In the 1990s, West Virginia folklorist Gerald Milnes first heard that there was a grave in Randolph County, WV claiming young Naomi Wise. In 1995, he published an article about the West Virginia claim, with mixed feelings about the results of what he learned. “People need their folk heroes, heroines, and villains, and poor little Naomi was ripe for the claiming.”2 Last fall, Gerry and I drove the backroads along the Cheat River to find her again. As he drove over Pheasant Mountain, Gerry talked about his old friend Leroy Wingfield who started the search for West Virginia’s Naomi Wise.

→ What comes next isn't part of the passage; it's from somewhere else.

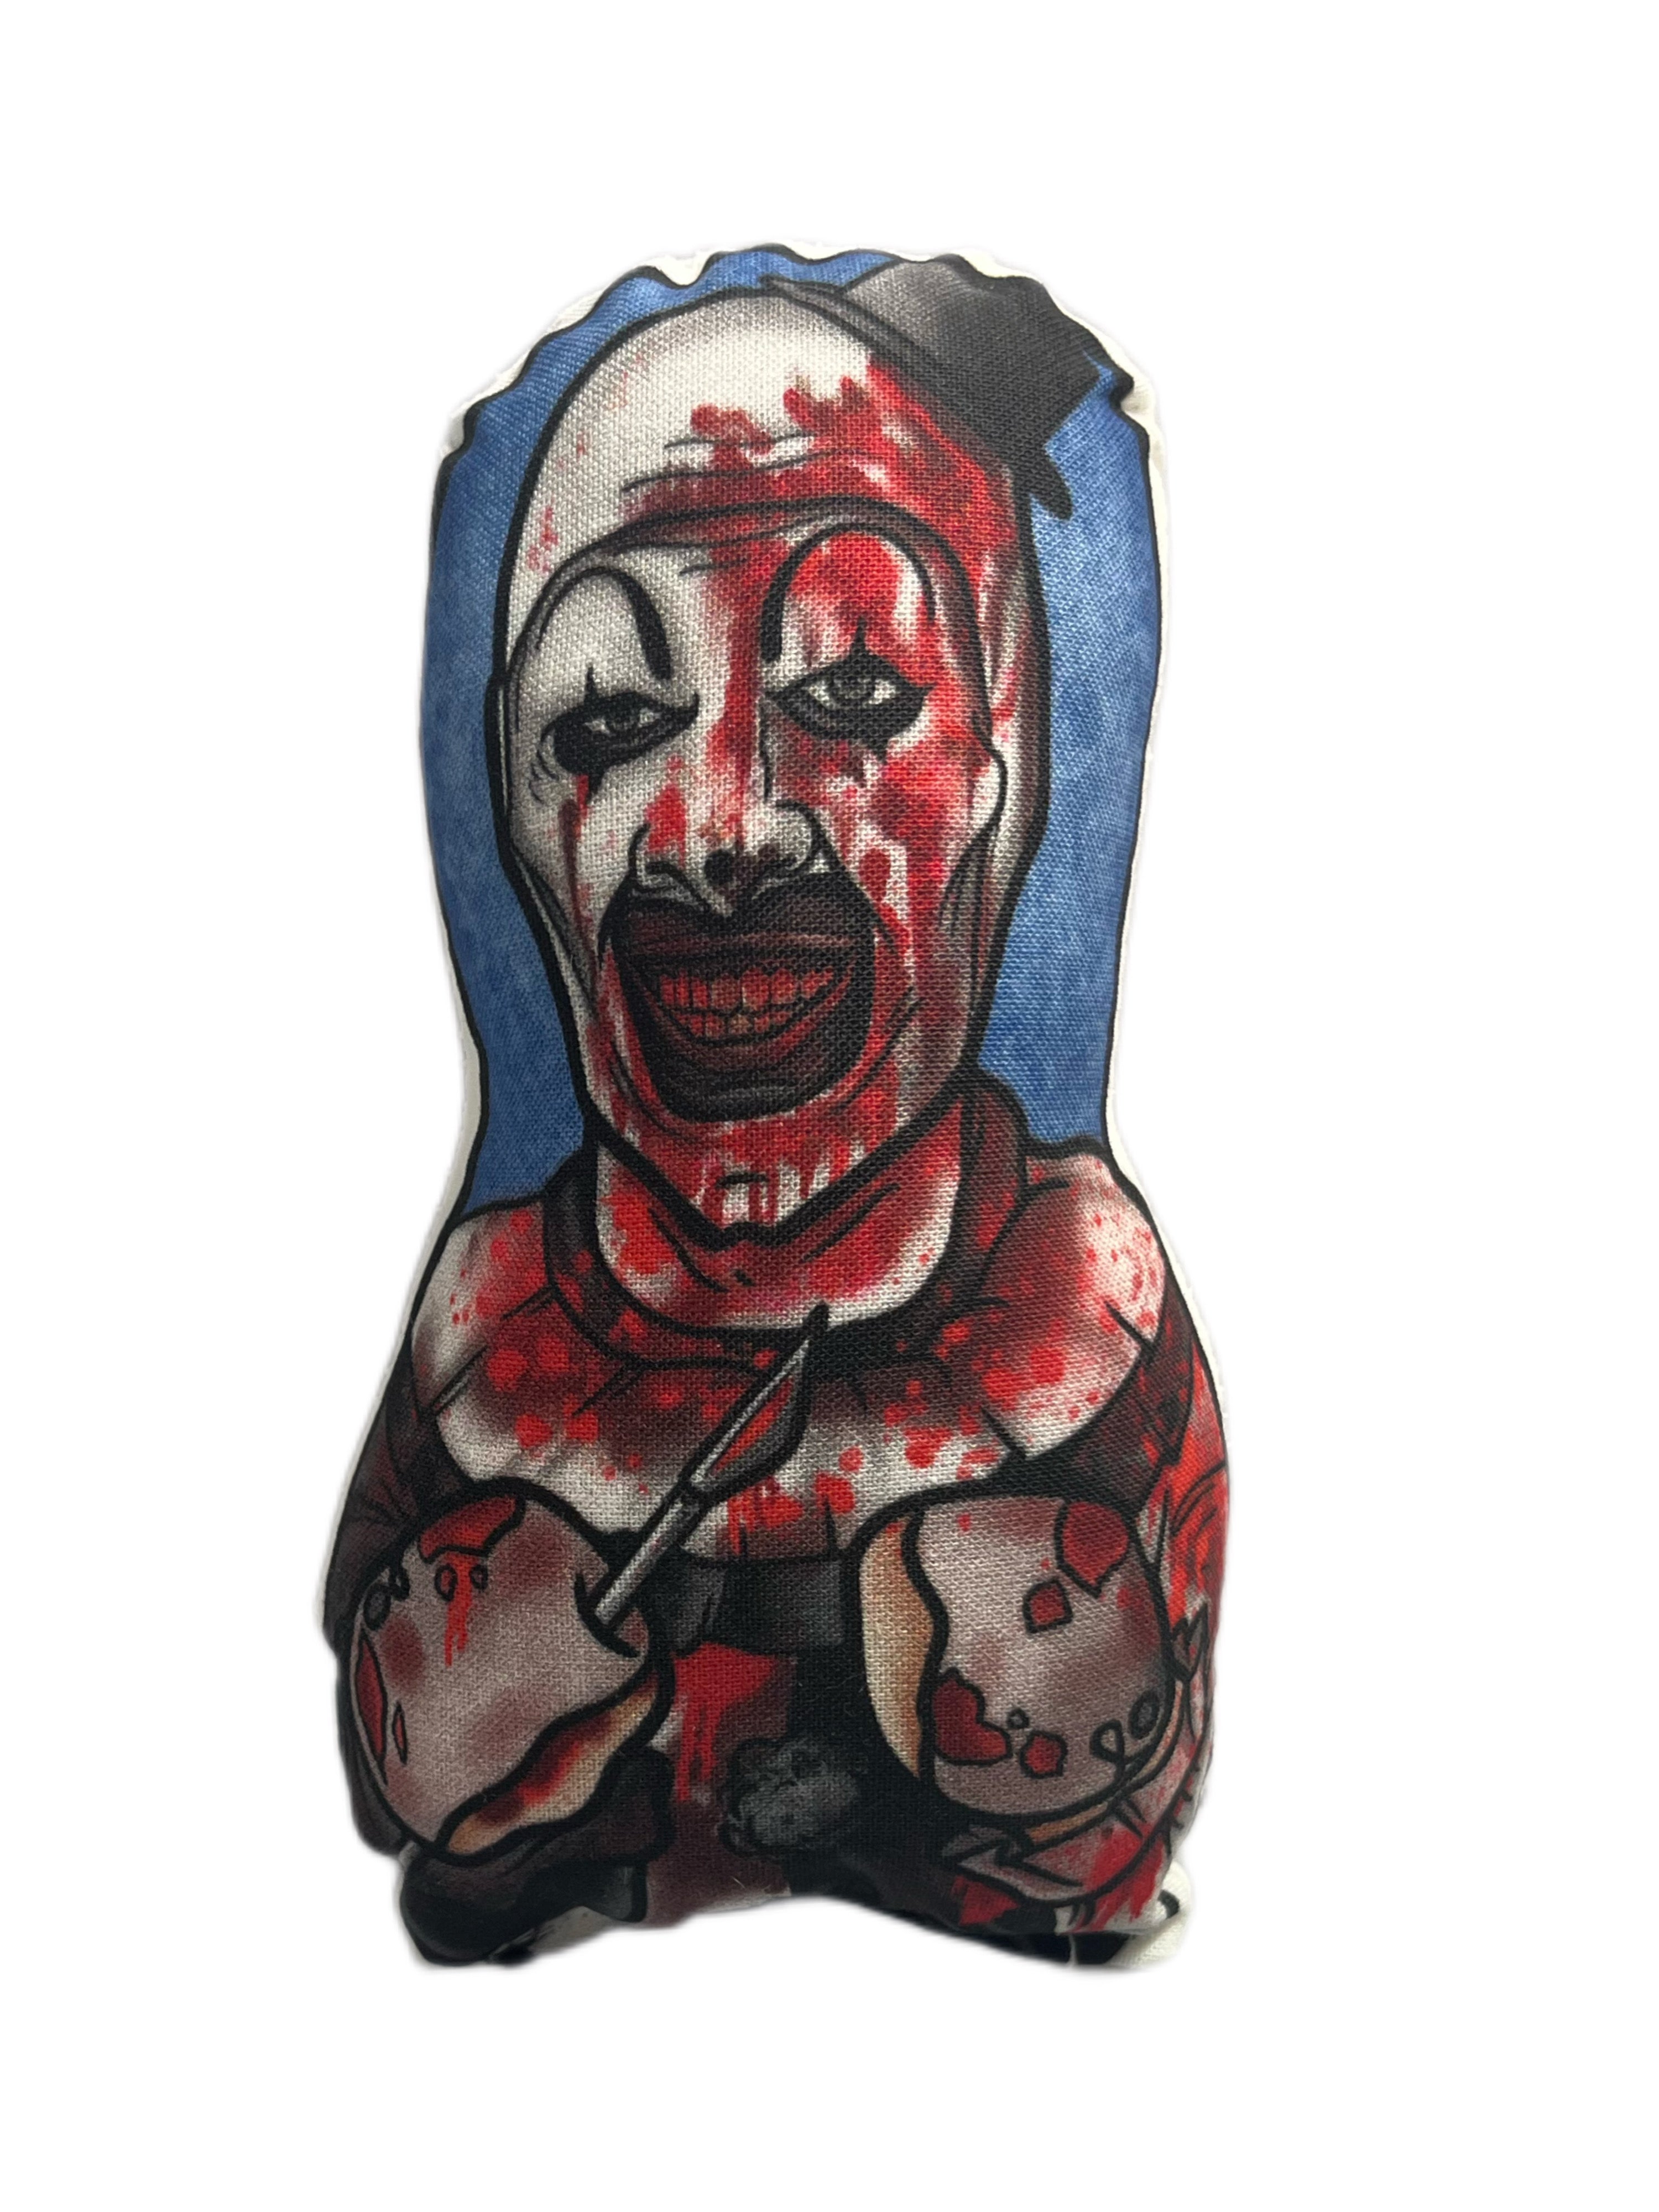 Terrifier Art The Clown Inspired 5" Plush Doll
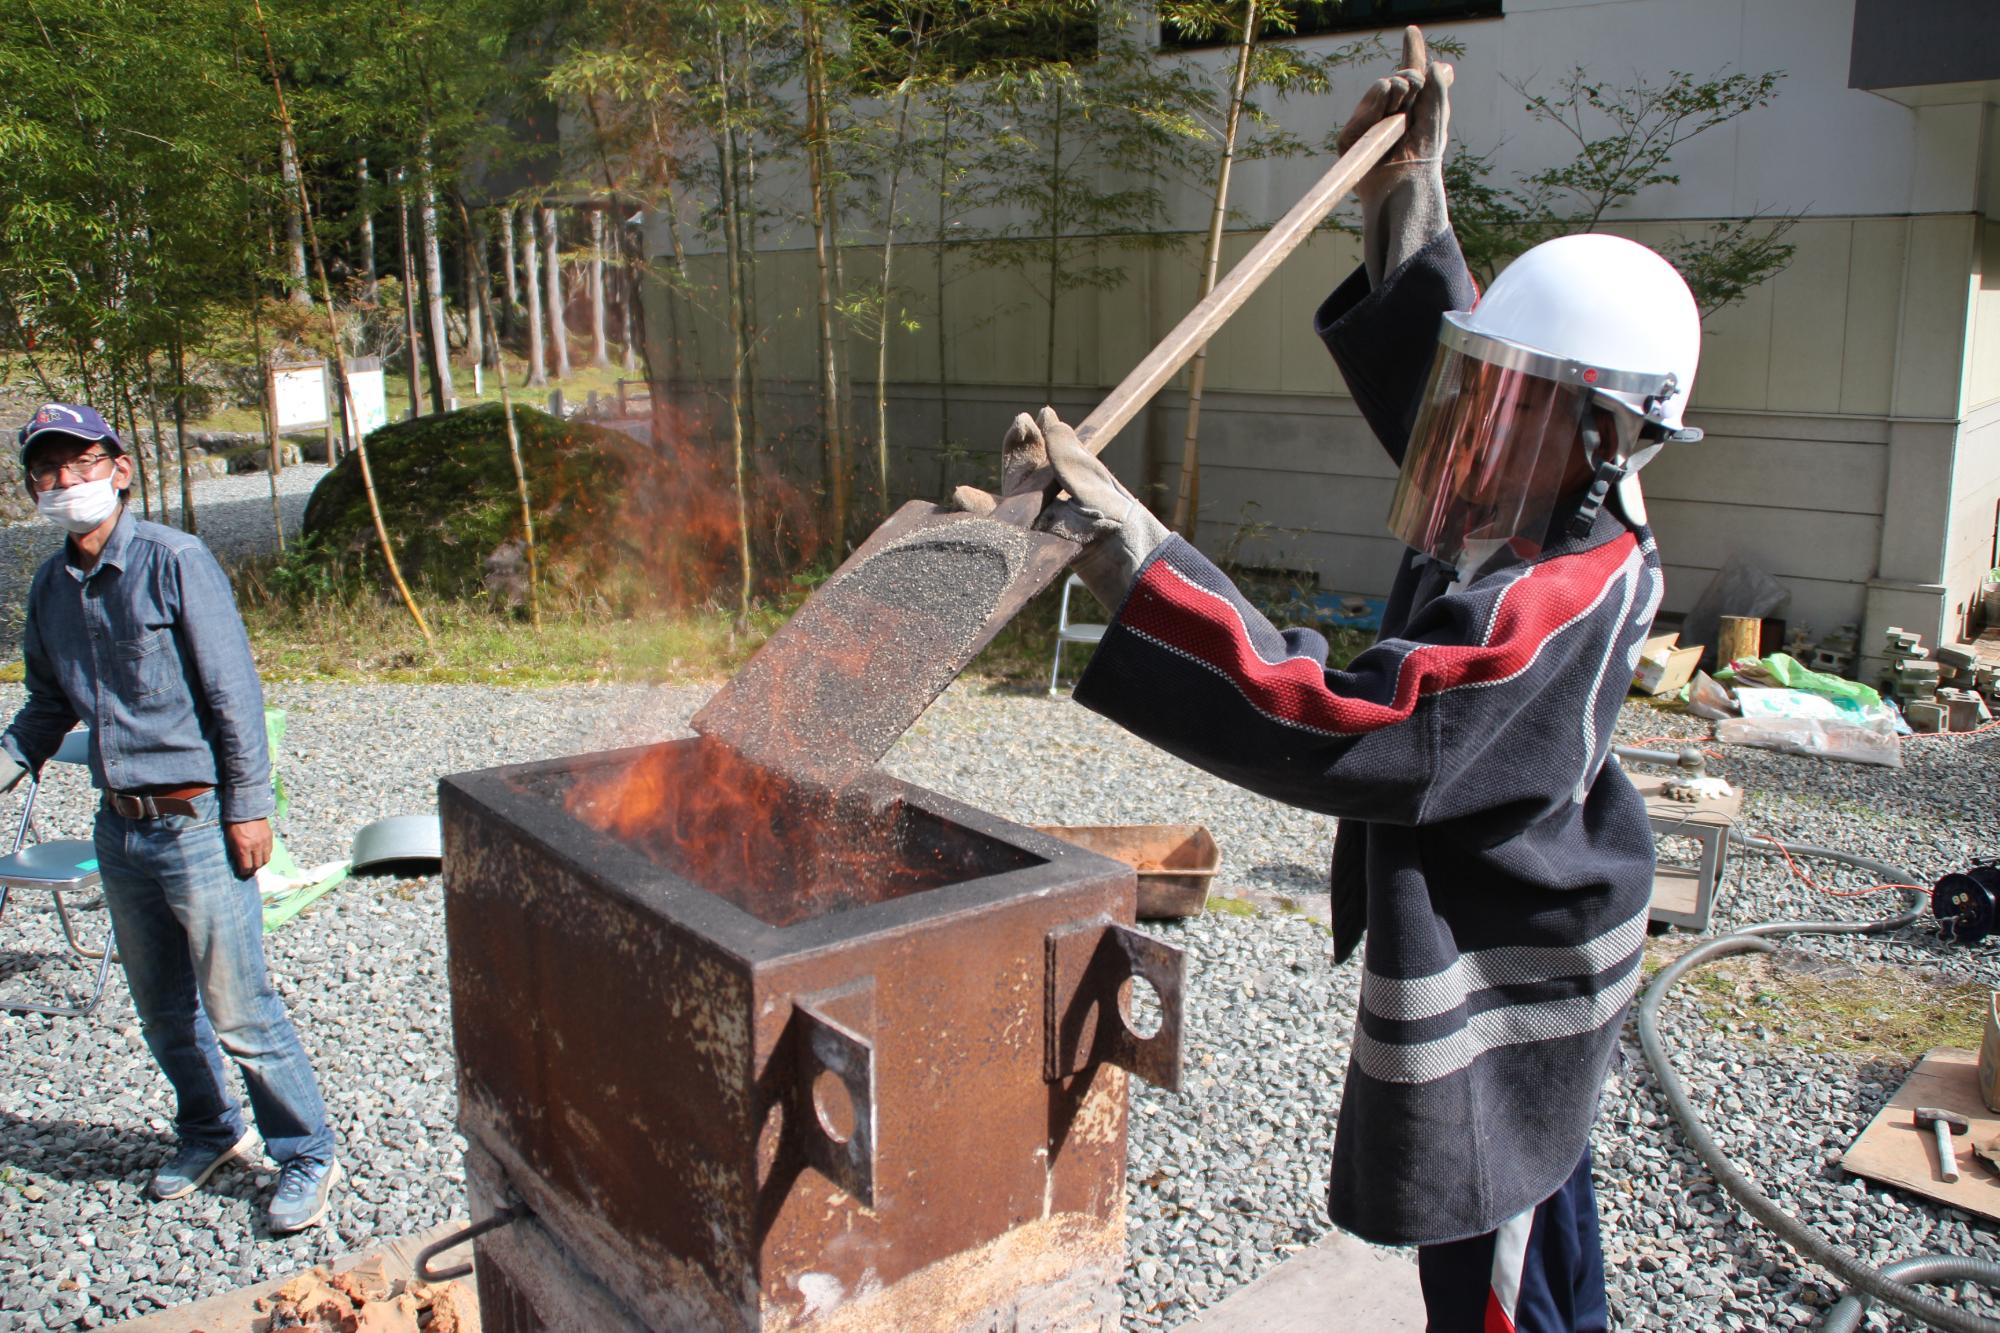 炭を燃焼している炉に砂鉄を投入する生徒の写真

“Leroy Wingfield told me that back during the Depression he was helping his father-in-law cut timber on family property near the Cheat River when he noticed some roses growing in a clump in the woods in a peculiar place. On closer inspection, he could make out what appeared to be a grave site.” 3

Leroy then asked a local grist miller named Robert Channell about the rose bush, and the grist miller said, “That lassie was kinfolks to you.” “In fact,” he said, “I was there and I even helped pull her body from the water when she was found floating in the millrace.“4 It seems, however, Robert Channell didn’t recall her name. The girl was buried in a solitary grave, and above her a single rose bush began to grow. Nobody was sure who had planted it, but it continued to bloom year after year. Leroy Wingfield knew the ballad of Naomi Wise, and he believed without a doubt that he had discovered the historic site where she was buried. He enlisted the help of two local researchers, Mr. and Mrs. Chapman, who have since passed away. They discovered that the closest cabin to the grave was occupied by a man named Randolph Wise, and some said he had adopted the girl.

Now in Randolph County, North Carolina there is solid evidence that a girl named Naomi Wise was drowned, probably by her lover John Lewis who was acquitted of the murder.5 There is even a large monument there in North Carolina in her honor. Nevertheless, West Virginia continues to claim her too. The Randolph County Historical Marker put a gravestone on top of Pheasant Mountain which reads “Naomi Wise, Killed in the Late 1870s”. Jim Comstock put the Naomi Wise Ballad into the West Virginia Songbag and the West Virginia Heritage Encyclopedia, declaring Naomi Wise as a “bonafide” West Virginian.6

We trudged up the hillside in the mud and rain to the grave marked “Naomi Wise”. I neglected to bring either my coat or Gerry’s umbrella on the walk, and my shoes were soaked, though I hardly noticed. I went to bed that night with my mind stirring with questions of the girl— who was she? If she wasn’t named Naomi, then surely her name is just as important to tell. Gerry Milnes thinks she really was named Ruhuma Nelson, but he said he didn’t want to disappoint his friend Leroy Wingfield too much, who passed away a few years ago, and I’m going with Gerry on this. Ruhama, Naomi, Omie, whose body now lies in Randolph County, WV, beneath a rose bush that was discovered by Leroy Wingfield, who brought Gerry to see, who then brought me. I woke up the next morning with a cold that didn’t leave for over a week, and my thoughts all tangled as to how to ever tell the story of West Virginia’s Naomi Wise.

sources:

1. Gerald Milnes. “West Virginia’s Omie Wise: The Folk Process Unveiled,”Appalachian Journal, Vol. 22, No. 4 (SUMMER 1995), 376-389. Gerry Milnes recorded this fragment verse from Thelma Andrews in Randolph County, West Virginia, May 23, 1993.

2. ibid.

3. ibid.

4. Gerald Milnes, interview by Roxy Todd, Sept. 18, 2012.

5. ibid. In his article, Gerry Milnes reference numerous accounts that the murder of Naomi Wise was a historic event in North Carolina: including, 1. The Frank C. Brown Collection of North Carolina Folklore, ed. Newman Ivey White (Durham: Duke University Press, 1952-64), Vol. 2, p. 690. 2. Craven’s text of “Poor Naomi,” first reprinted by The Randleton News, Randleton, North Carolina. See Frank C. Brown Collection of North Carolina Folklore, Vol. 2, pp. 692-3. Craven’s text is published in The Viking Book of Folk Ballads of the English-Speaking World, ed. Albert Friedman (New York: Viking Press, 1966), along with a tune transcribed from Victor 21625 (1927).

6. See Jim Comstock, West Virginia Songbag (Richwood, W.Va., 1974), pp. 449-501, and The West Virginia Encyclopedia (Richwood, W.Va., 1976), Vol. 23, 5142.